言うまでもなく、御殿場市も静岡県の大切な一部であるとともに、35市町がそろってこその静岡県であるにもかかわらず、県政の最高責任者である知事が、あろうことか県の一部地域を差別し、厚める発言をしたことは、言語道断であり断じて容認できない。
また、この発言について、11月2日、沼津市での東部地域サミットの冒頭あいさつでは、「選挙の中で誤解されることがあり、市長には御迷惑をかけたということで、おわびを申し上げる」と述べているが、今回の発言は侮辱的発言であることが明白であるにもかかわらず、誤解されたなどと言い訳に終始し、全く反省の色は見られない。

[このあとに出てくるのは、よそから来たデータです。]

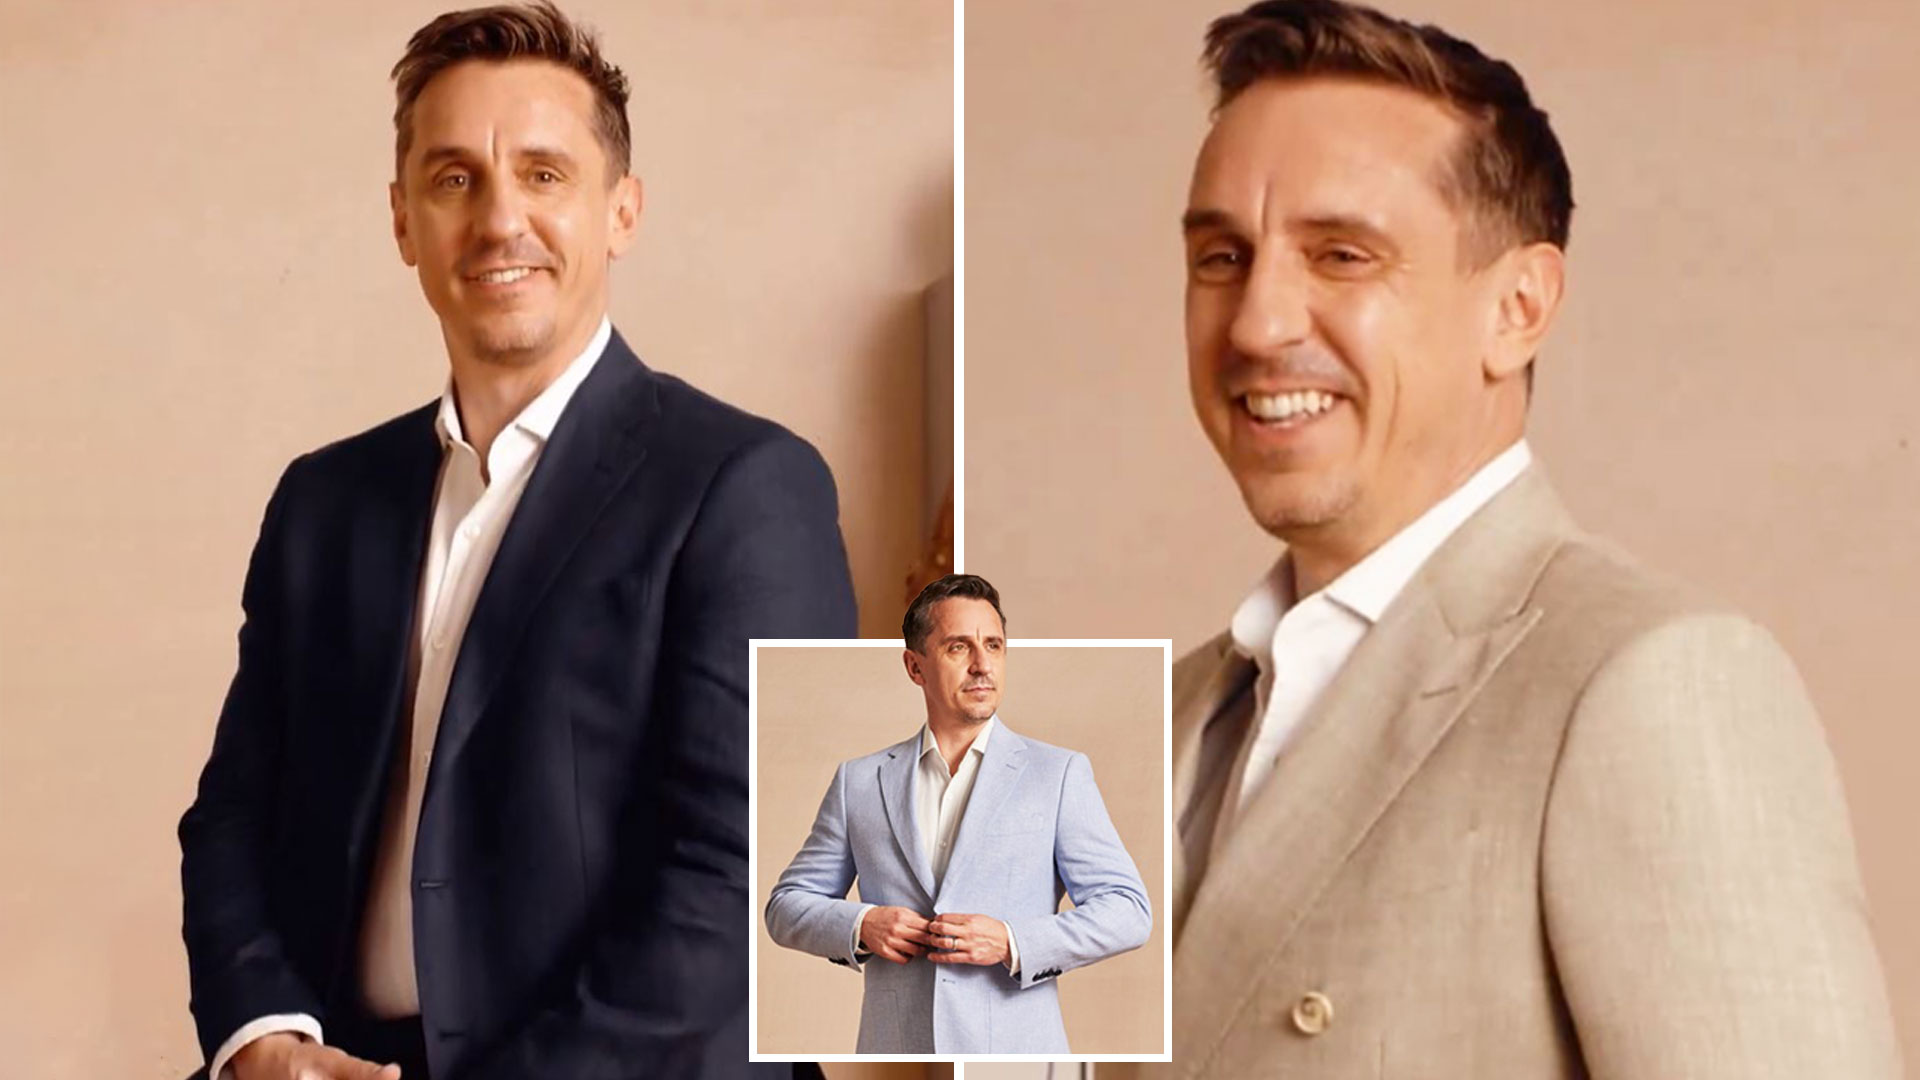 Gary Neville makes latest career change as Man Utd legend tries his hand at modelling [Video]

さらに、川勝知事はかねてから不適切な発言を繰り返しており、その都度、本会議等において、不適切な発言は二度としないと県民や県議会に対して誓っているにもかかわらず、それをも裏切り、再度このような発言に及んだものであり、到底許されるものではなく、もはや知事としての資質を欠くものと言わざるをえない。
よって、以下について請願する。
(請願事項)川勝平太知事は知事の職を辞すること。
https://www.sankei.com/article/20211124-P7YXT2ZPTRK75IX6VTGCBXNKOQ/
閉会後、川勝知事は「深刻に受け止めている。これから年末にかけて猛省の期間にしたい。来年は生まれ変わった気持ちで仕事をする」と謝罪した。